Five reasons why independent news outlets and local campus radio make powerful allies

The Sprawl founder shares the benefits of a radio show/podcast collaboration

Lauren Kaljur Lauren Kaljur  - January 28, 2022

Jeremy Klaszus, founder of The Sprawl, an independent news outlet serving Calgary, Alberta, strives to tell stories that “surprise and delight.”

So when he was asked to produce a podcast by CJSW 90.9 FM, Calgary’s only campus and community radio station, he jumped at the chance.

The half-hour radio show and podcast, The Sprawlcast, is now in its third year. Each week, Klaszus surfaces stories focused on a specific theme of interest to Calgarians, like the city’s geographic income segregationcommunity-building corner stores and what the city can learn from Vancouver’s quirky and famous Commercial Drive.

Here are some benefits to pairing up with campus radio to produce a show or podcast:

1. Get the goods

If you’ve ever considered producing a podcast, you’ll know you need a ton of gear. Klaszus says the decision to partner with CJSW was a no-brainer because of the resources that come with it. The station provides access to a professional studio, equipment, editing software, tech support, knowledgeable production staff and an audience of listeners.

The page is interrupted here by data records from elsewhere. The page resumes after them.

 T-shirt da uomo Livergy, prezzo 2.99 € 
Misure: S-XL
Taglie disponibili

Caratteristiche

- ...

Since Klaszus had some experience reporting for radio at CBC, he was able to get started relatively quickly.  

“For folks who are newer to audio, they do have staff to walk you through how to do it,” he explains. “And that’s huge. Because the alternative is, you’re in your basement with a microphone and whatever setup you can cobble together.”

2. Grow your audience

No matter who your target audience is, there’s an obvious benefit to gaining the ears of community and campus radio listeners. They can become future contributors or supporters. 

To this day, community radio remains a key information resource. For those who refuse to listen to podcasts or radio, Klaszus posts a transcript for each episode on The Sprawl’s website so the content is searchable and accessible. 

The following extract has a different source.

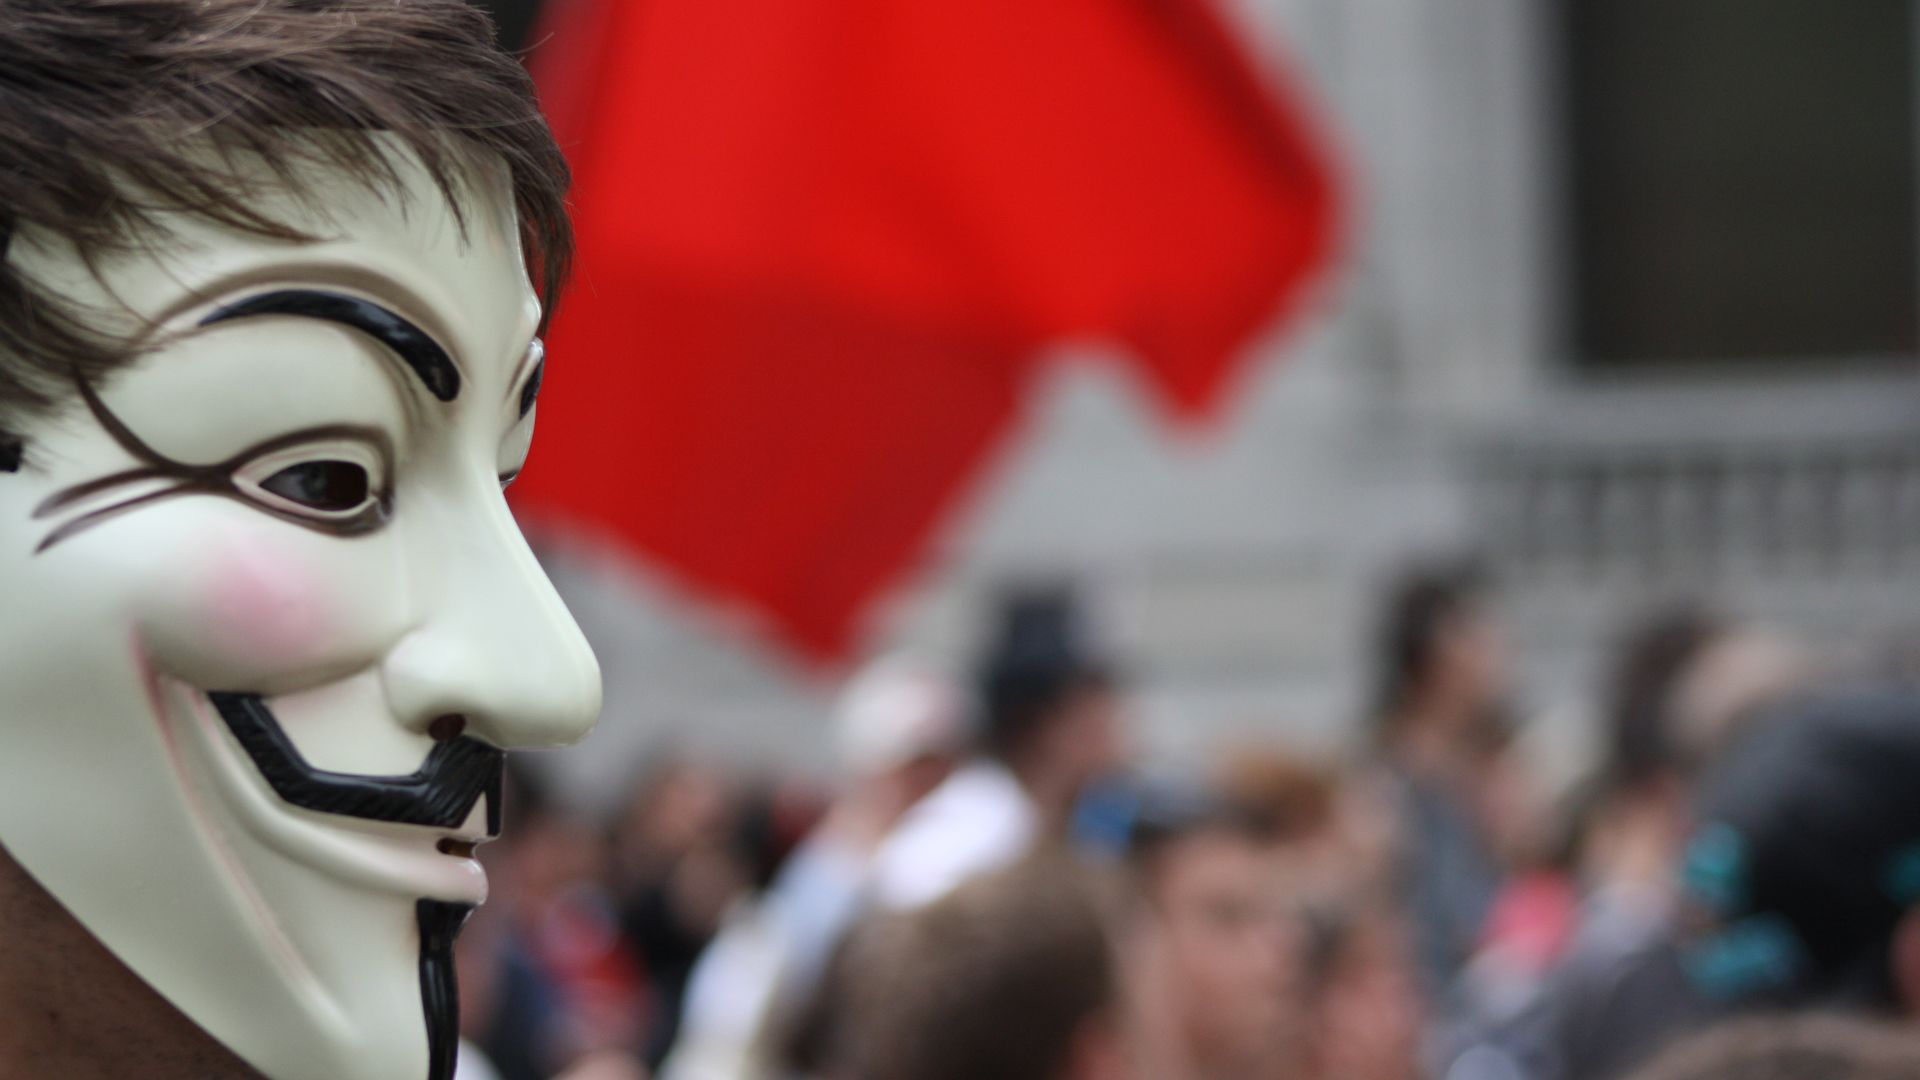 Interview zum potentiellen Anonymitätsverlust im Internet

He says that while the precise number of listeners is hard to gauge with radio and podcasts, they get about 2,000 downloads each episode, a number in line with the outlet’s membership.

But another important measure of success is direct feedback.

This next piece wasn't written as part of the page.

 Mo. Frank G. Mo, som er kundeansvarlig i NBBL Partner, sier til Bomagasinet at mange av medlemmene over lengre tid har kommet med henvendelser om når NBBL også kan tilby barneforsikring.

3. Connect with your audience

Newsletters are a great tool for building relationships with readers and growing revenue, in part because readers appreciate hearing directly from a journalist. Podcasts have the same power.

In one recent episode, Klaszus interviews David Goa, a scholar of religion, on the importance of meeting and connecting with strangers. It’s an intimate, thoughtful conversation.

Klaszus says he specifically chooses stories well-suited to audio — and it shows. Each episode offers a thoughtful glimpse into issues Calgarians care about led by a compelling, approachable host.

“If they see that you’re committed to this thing and you’re putting in the effort and it’s not like a side project of an article or whatever, I think they’re more likely to give attention to it,” says Klaszus.

4. Bring your readers in

As a member-funded news outlet, The Sprawl does a great job of involving readers in the creation of new products. In 2018, they had a member drive to launch Sprawlcast.

If you’re thinking about a podcast or radio show, consider inviting readers to help you make it happen. It rallies your audience around a specific goal, helps raise awareness about the new product and gives you something to celebrate with your readers later.

5. Diversify your news products

Delivering journalism in new formats helps make new people aware of your work. It’s also a way to deepen your connection with your readers and supporters. 

As former Buzzfeed newsletter director and publisher of the Not a Newsletter Dan Oshinsky explains in an interview with The Fix, offering multiple products builds relationships. “When we ask them for the next step to support us or donate, they will really care about us and have a good relationship with us on a few different platforms.

“Those are the readers who are most likely to convert. So that’s where that comes in. It’s just an additional way to deepen engagement.”

But Klaszus says quality must stay top of mind. “The podcast space is so crowded, right? So if you’re going to go there, it has to be good. Is it quality stories that connect with people? If it’s not that, then little else will work.”

The Sprawlcast is just one way to collaborate with campus radio stations. You could also connect with the station’s programming director to find out if there’s already a news show, and offer up a short five minute segment. 

You could take inspiration from The Sprawl and make your show a limited time pop-up to test the waters before a more permanent launch.